**** Supplied data
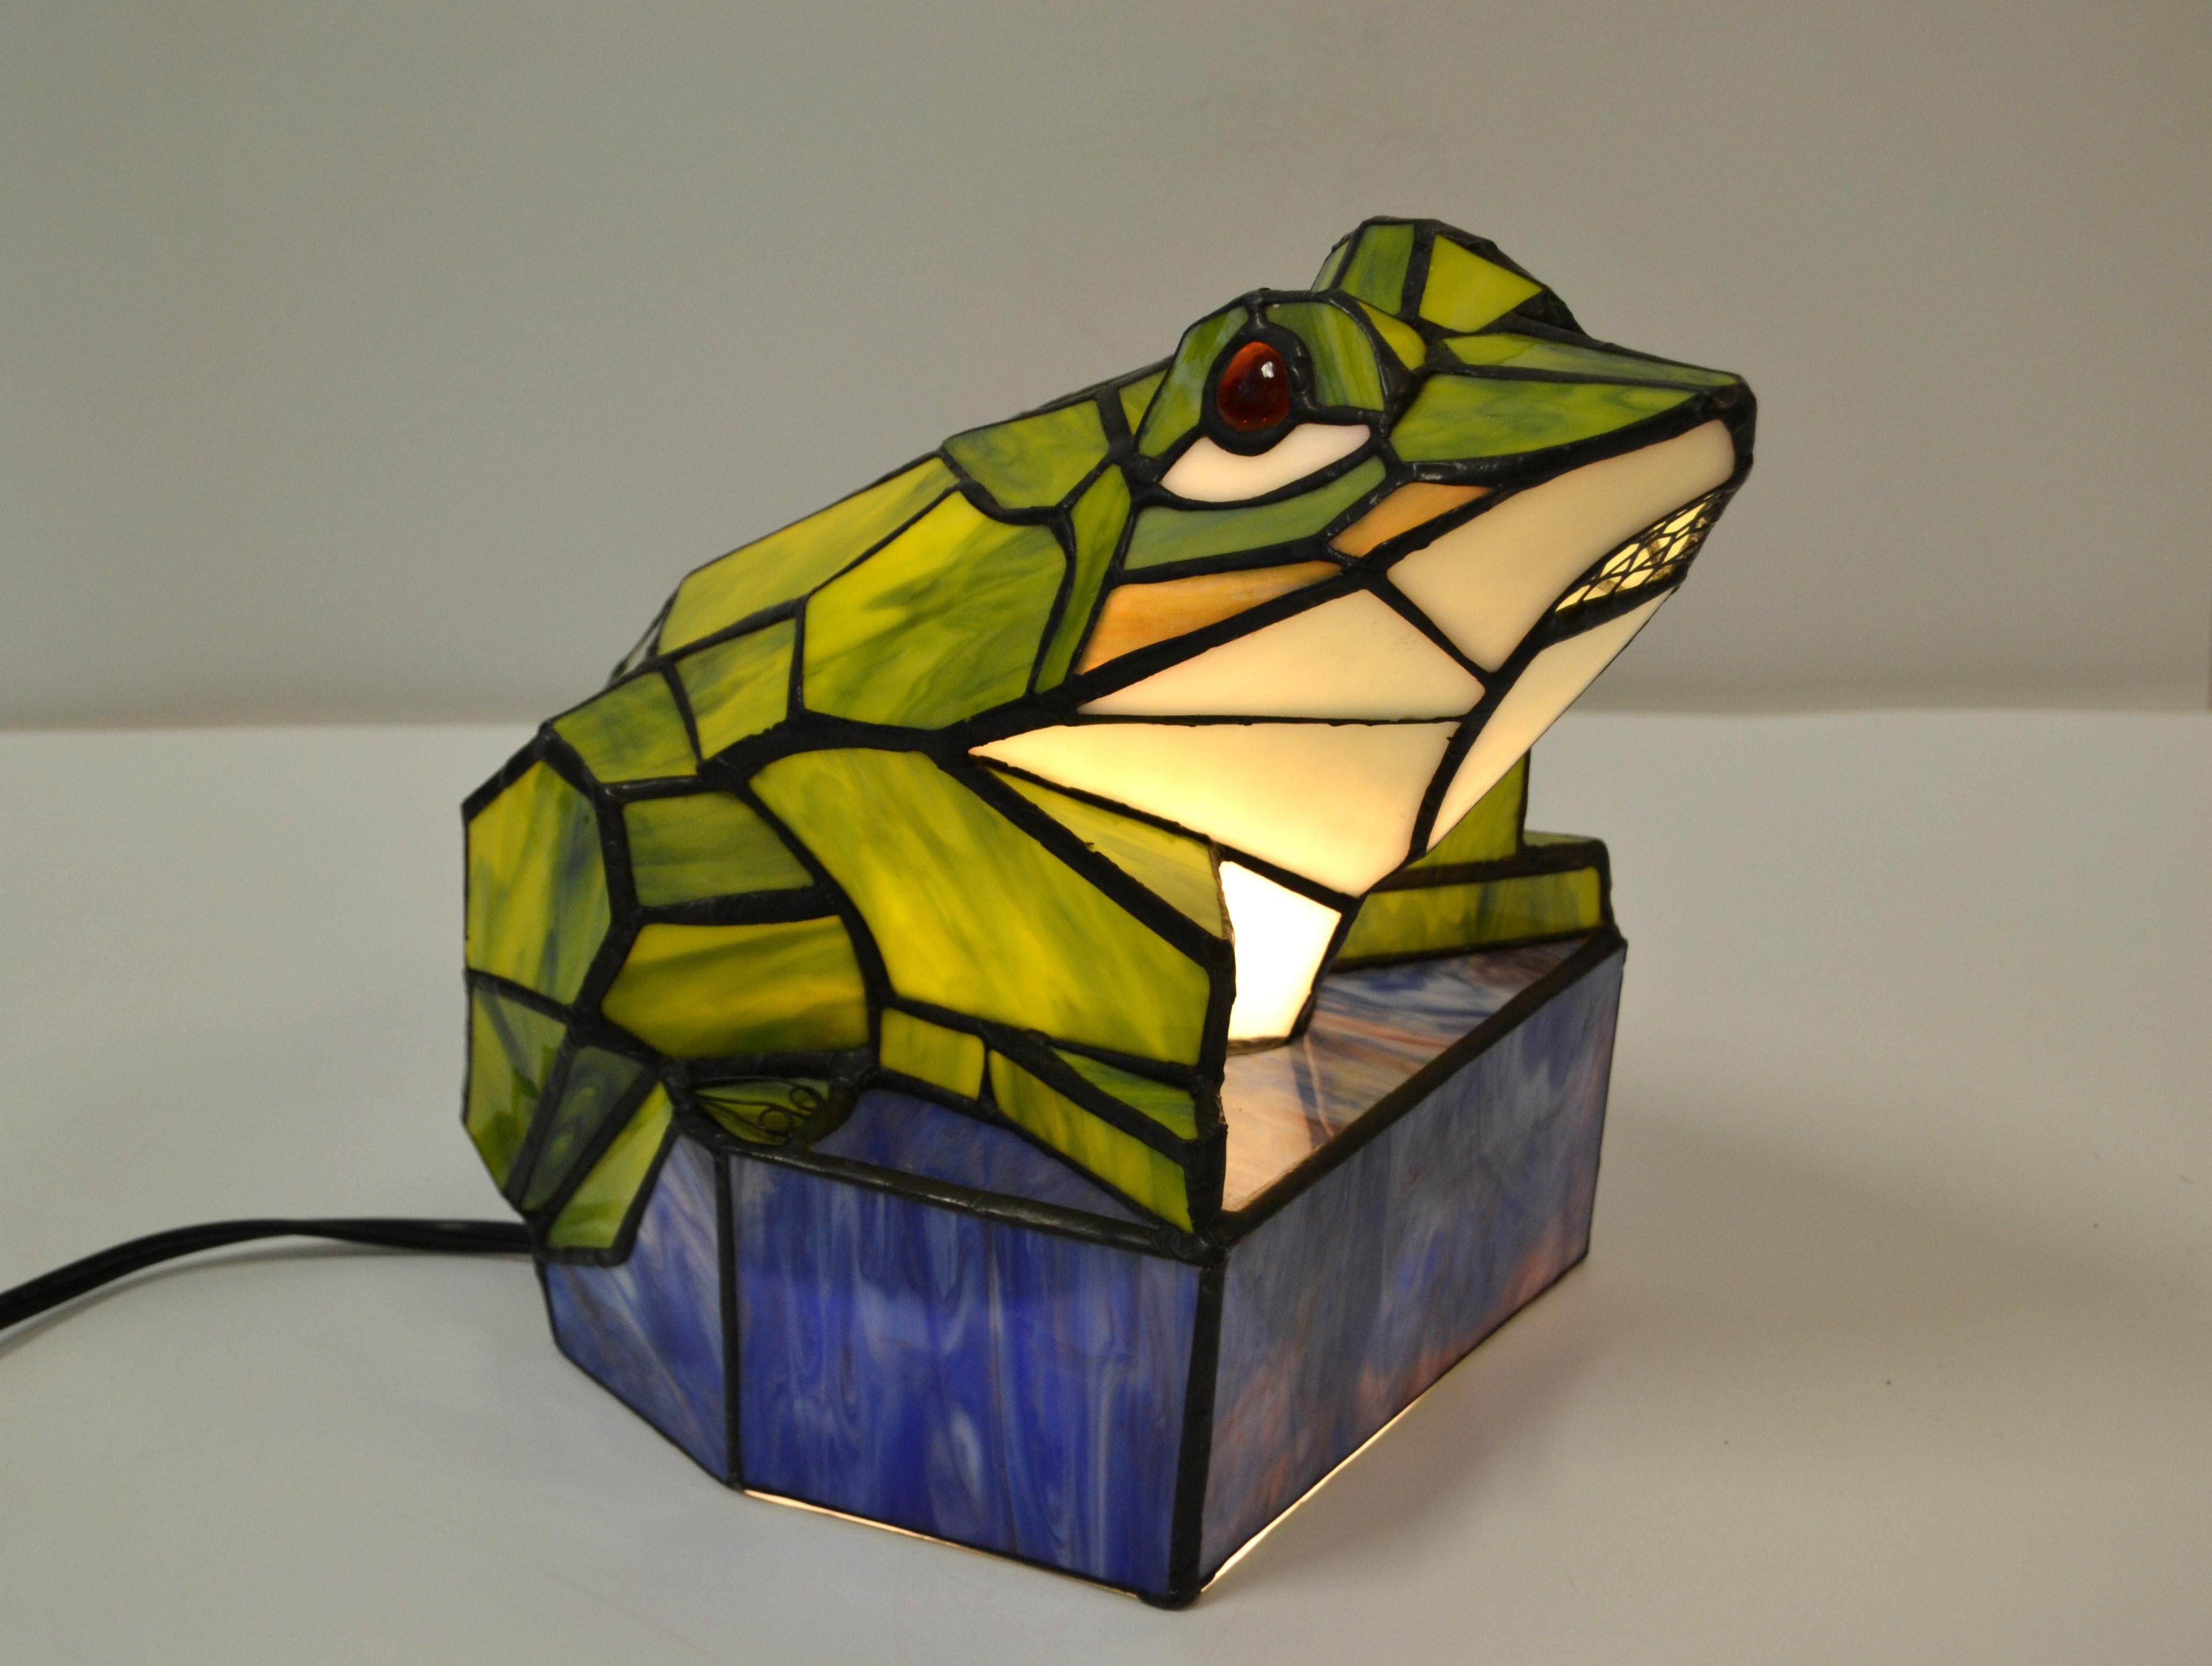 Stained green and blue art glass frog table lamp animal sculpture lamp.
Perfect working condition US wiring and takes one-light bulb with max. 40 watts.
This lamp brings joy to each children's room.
********
## Aim of the exercise
Write out again every line above exactly as given; the pictures do not belong in the copy.

## Exercise result
 Stained green and blue art glass frog table lamp animal sculpture lamp.
Perfect working condition US wiring and takes one-light bulb with max. 40 watts.
This lamp brings joy to each children's room.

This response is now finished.